To obviate cardiologists' reluctance to be tested, the CE test was installed at 19 US teaching centers for confidential testing. Test scores and demographic data (training level, subspecialty, and years in practice) were uploaded to a secure database.
The 520 tests revealed mean scores (out of 100 ± 95% confidence interval) in descending order: 10 cardiology volunteer faculty (86.3 ± 8.0), 57 full-time cardiologists (82.0 ± 3.3), 4 private-practice cardiologists (77.0 ± 6.8), and 19 noncardiology faculty (67.3 ± 8.8). Trainees' scores in descending order: 150 cardiology fellows (77.3 ± 2.1), 78 medical students (63.7 ± 3.5), 95 internal medicine residents (62.7 ± 3.2), and 107 family medicine residents (59.2 ± 3.2).
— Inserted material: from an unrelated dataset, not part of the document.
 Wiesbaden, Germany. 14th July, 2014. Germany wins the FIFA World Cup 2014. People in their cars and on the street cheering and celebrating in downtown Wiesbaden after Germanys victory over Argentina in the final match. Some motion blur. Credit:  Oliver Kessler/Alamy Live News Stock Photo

Faculty scores were higher in those trained earlier with longer practice experience.
This study was supported by grants 1R43HL062841-01A1, 2R44HL062841-02, and 2R44HL062841-03 from the National Heart, Lung, and Blood Institute, Bethesda, MD. The funding source was not involved in the design and conduct of the study; collection, management, analysis, and interpretation of the data; and preparation, review, or approval of the manuscript. The authors have no other funding, financial relationships, or conflicts of interest to disclose.
Cardiac physical examination is a declining art,1–5 even though it is a sensitive, specific, and cost-effective tool for screening for cardiac disorders.6–8 At Harbor-UCLA, where we have archived cardiac examination (CE) findings for >10 years with video,9 we found that 25 of 254 patients recorded had new physical findings on bedside recording that materially changed the diagnosis and treatment plan (unpublished data). For example, diminished femoral arterial pulses were noted in a young patient with aortic regurgitation, indicating the presence of previously unsuspected aortic coarctation.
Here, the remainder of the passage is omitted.